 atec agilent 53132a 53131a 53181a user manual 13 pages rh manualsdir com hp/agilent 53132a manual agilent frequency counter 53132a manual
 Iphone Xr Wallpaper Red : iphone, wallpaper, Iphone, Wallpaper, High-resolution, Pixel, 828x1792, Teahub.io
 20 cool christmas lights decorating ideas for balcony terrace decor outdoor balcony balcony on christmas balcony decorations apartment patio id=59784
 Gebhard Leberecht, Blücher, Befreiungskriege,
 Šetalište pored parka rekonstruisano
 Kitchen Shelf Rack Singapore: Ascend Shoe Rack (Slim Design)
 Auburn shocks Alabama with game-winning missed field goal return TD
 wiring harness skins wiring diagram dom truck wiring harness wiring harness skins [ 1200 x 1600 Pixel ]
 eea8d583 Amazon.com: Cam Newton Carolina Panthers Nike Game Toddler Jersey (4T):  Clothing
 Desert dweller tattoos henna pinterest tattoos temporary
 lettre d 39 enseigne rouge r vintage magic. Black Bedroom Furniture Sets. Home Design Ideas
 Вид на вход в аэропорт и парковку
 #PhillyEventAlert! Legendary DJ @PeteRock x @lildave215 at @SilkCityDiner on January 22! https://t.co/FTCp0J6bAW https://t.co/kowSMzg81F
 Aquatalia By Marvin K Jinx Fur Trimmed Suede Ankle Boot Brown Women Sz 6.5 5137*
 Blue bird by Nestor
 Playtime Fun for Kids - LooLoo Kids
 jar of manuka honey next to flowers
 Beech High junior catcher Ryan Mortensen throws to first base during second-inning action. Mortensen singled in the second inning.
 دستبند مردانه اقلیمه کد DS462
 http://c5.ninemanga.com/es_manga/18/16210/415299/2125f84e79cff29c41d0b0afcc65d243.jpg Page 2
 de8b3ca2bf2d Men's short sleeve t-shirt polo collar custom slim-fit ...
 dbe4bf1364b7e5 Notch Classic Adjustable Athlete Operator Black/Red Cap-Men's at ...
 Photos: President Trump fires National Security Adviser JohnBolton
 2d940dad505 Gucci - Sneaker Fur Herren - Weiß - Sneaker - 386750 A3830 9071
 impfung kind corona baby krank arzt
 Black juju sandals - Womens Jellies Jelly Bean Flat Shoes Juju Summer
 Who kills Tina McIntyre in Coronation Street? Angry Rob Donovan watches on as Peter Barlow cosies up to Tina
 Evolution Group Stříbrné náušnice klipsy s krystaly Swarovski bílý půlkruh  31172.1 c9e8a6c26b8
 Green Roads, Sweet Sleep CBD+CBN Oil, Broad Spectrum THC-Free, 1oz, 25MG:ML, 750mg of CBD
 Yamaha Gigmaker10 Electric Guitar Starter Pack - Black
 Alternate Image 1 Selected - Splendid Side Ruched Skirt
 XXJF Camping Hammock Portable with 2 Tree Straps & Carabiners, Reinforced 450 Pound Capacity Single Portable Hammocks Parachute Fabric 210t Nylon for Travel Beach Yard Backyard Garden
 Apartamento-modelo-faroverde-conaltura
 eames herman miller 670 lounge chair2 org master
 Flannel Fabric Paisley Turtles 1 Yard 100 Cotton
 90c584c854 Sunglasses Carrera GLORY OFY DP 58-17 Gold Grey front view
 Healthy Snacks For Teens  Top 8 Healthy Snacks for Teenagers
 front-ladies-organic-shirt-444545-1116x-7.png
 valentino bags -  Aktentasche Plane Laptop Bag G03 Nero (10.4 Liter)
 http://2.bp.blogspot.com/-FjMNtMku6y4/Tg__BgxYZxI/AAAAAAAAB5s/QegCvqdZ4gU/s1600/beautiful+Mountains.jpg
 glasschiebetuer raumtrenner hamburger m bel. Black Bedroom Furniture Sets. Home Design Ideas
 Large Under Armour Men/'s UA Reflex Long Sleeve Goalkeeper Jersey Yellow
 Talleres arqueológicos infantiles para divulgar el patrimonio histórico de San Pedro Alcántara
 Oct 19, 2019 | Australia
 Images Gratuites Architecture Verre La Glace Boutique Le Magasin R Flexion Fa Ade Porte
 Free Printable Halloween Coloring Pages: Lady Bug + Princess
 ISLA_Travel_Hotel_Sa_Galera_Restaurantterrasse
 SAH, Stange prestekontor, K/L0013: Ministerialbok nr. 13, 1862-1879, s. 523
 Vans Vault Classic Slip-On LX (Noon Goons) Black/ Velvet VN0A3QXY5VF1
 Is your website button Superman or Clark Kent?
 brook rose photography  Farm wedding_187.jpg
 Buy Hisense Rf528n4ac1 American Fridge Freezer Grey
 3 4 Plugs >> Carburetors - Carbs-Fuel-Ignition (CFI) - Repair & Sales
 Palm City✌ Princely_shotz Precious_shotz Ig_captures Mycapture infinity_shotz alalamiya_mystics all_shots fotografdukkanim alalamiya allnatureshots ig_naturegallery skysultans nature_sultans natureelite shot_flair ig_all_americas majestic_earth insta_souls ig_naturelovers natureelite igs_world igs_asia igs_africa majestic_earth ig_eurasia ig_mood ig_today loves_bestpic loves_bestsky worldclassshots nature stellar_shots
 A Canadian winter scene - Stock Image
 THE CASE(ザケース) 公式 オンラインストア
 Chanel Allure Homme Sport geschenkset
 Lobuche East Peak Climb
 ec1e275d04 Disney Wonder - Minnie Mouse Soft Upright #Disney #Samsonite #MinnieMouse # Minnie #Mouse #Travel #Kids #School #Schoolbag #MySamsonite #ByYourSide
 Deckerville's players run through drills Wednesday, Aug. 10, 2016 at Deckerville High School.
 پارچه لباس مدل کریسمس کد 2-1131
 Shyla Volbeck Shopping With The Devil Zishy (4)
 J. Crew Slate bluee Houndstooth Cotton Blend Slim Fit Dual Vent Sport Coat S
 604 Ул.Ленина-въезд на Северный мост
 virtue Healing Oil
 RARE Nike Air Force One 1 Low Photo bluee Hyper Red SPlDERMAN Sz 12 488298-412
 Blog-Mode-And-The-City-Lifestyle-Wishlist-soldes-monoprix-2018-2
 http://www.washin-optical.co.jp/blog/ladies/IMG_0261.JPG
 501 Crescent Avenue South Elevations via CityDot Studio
----
_INSTRUCTIONS FOR THE TASK_:
Once you reach the line with "Oct 19, 2019 | Australia" in the data above, copy it and every line after it exactly, up to and including the line with "3 4 Plugs >>".

_OUTPUT_:
 Oct 19, 2019 | Australia
 Images Gratuites Architecture Verre La Glace Boutique Le Magasin R Flexion Fa Ade Porte
 Free Printable Halloween Coloring Pages: Lady Bug + Princess
 ISLA_Travel_Hotel_Sa_Galera_Restaurantterrasse
 SAH, Stange prestekontor, K/L0013: Ministerialbok nr. 13, 1862-1879, s. 523
 Vans Vault Classic Slip-On LX (Noon Goons) Black/ Velvet VN0A3QXY5VF1
 Is your website button Superman or Clark Kent?
 brook rose photography  Farm wedding_187.jpg
 Buy Hisense Rf528n4ac1 American Fridge Freezer Grey
 3 4 Plugs >> Carburetors - Carbs-Fuel-Ignition (CFI) - Repair & Sales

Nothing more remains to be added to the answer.